Speaking at CNBC’s East Tech West conference in the Nansha district of Guangzhou, China on Wednesday, VIPKid’s Cindy Mi said: “The limit is, as a platform, how we can maintain the highest quality possible where we are undergoing this rapid growth (and) how we can stay focused on quality and learning efficacy when we are learning with so many teachers.”

The education start-up has more than 500,000 students and over 60,000 teachers on the platform, Mi said Wednesday. That’s almost double the company had reported the year previous and a massive leap from the just over 3,000 students it reported in 2015.

The company’s rapid growth makes it one of the fastest growing start-ups not only in the country’s fiercely competitive education technology sector — but in all of China.

VIPKid’s Mi said the company hoped to fully embrace a wide range of technologies to improve the learning experience for all the students on its platform.
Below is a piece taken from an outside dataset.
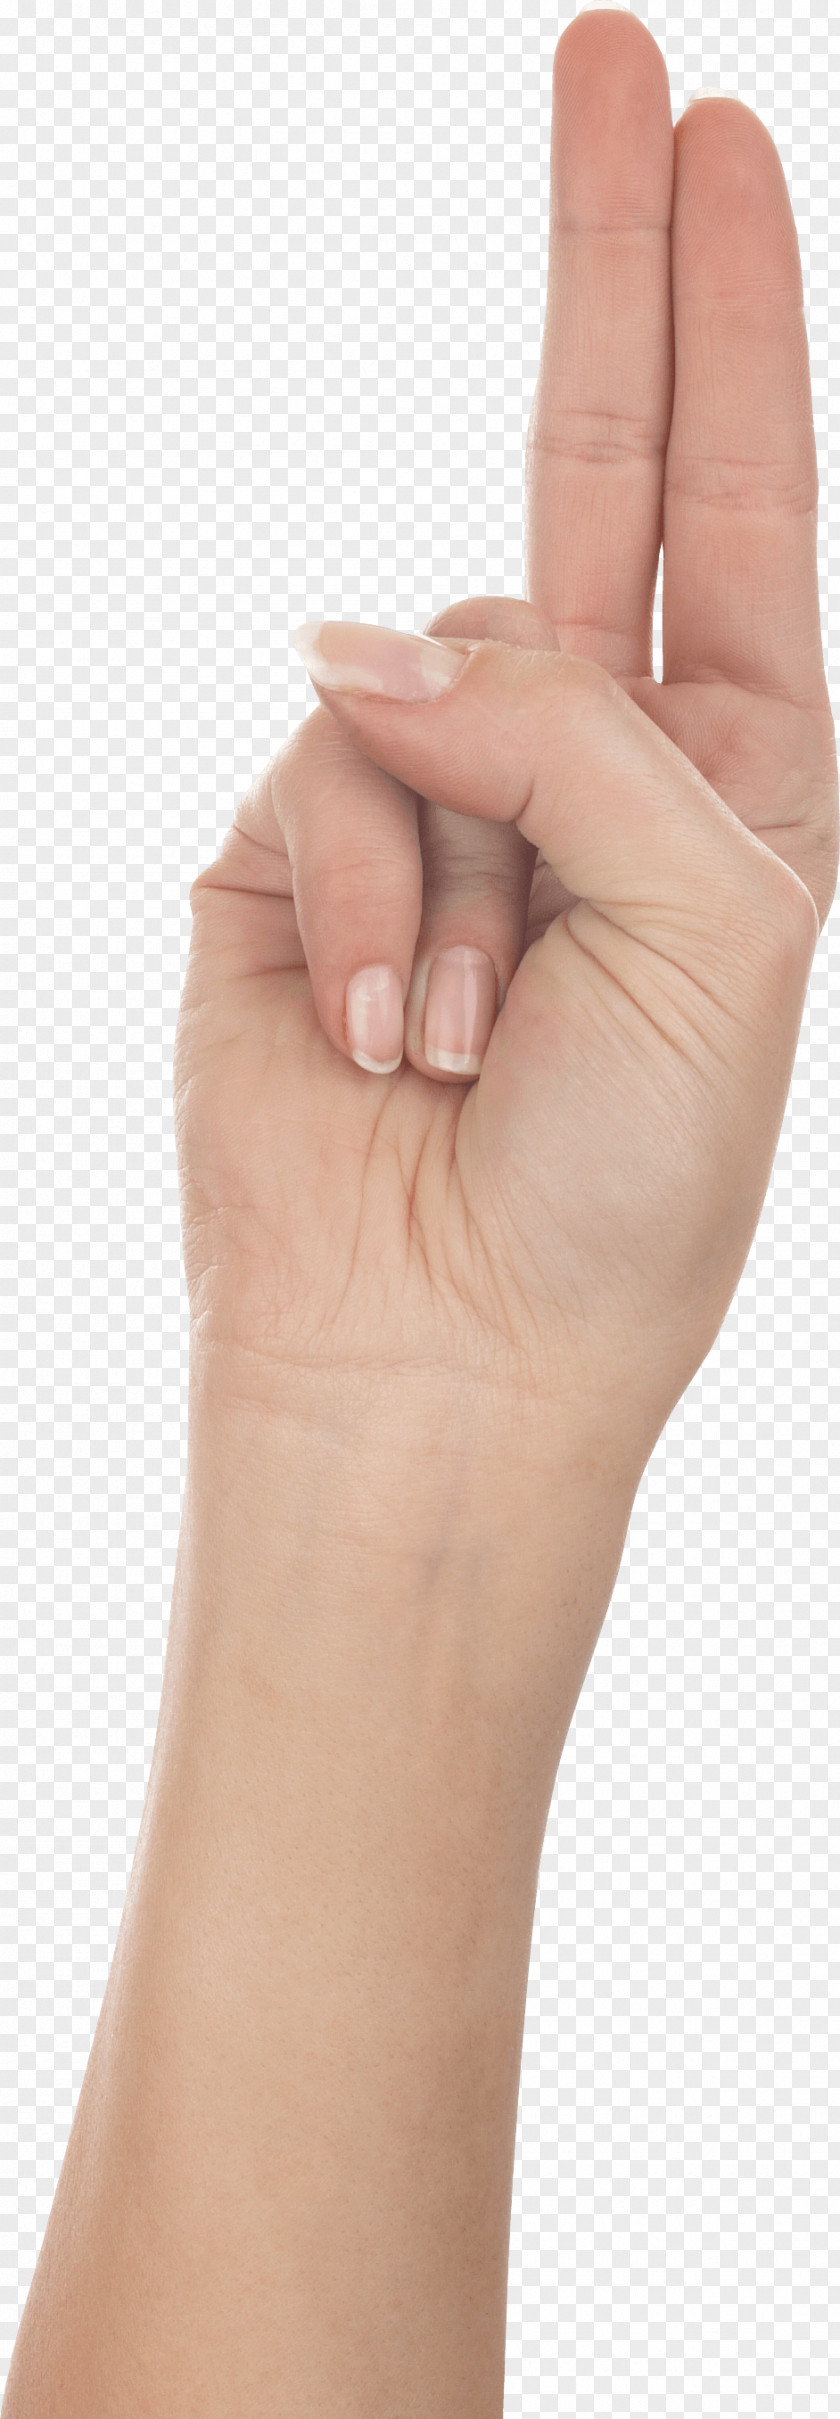 Hands Hand Image Nail Polish Salon Manicure Disease PNG

“For augmented reality, if the students want to talk about the dinosaur then instead of a plain picture we can work with content providers like National Geographic learning and then instead they have all this vivid, visceral space we can turn into a lively dinosaur that can interact with the students,” she told CNBC’s Everett Rosenfeld.

“Also we have this virtual sticker for the classrooms, teachers can turn herself into a princess or a superhero and then the students are so enjoying the class. And then for virtual reality, we have the museum tours where our teachers can make videos to show students what their hometown used to look like,” Mi said.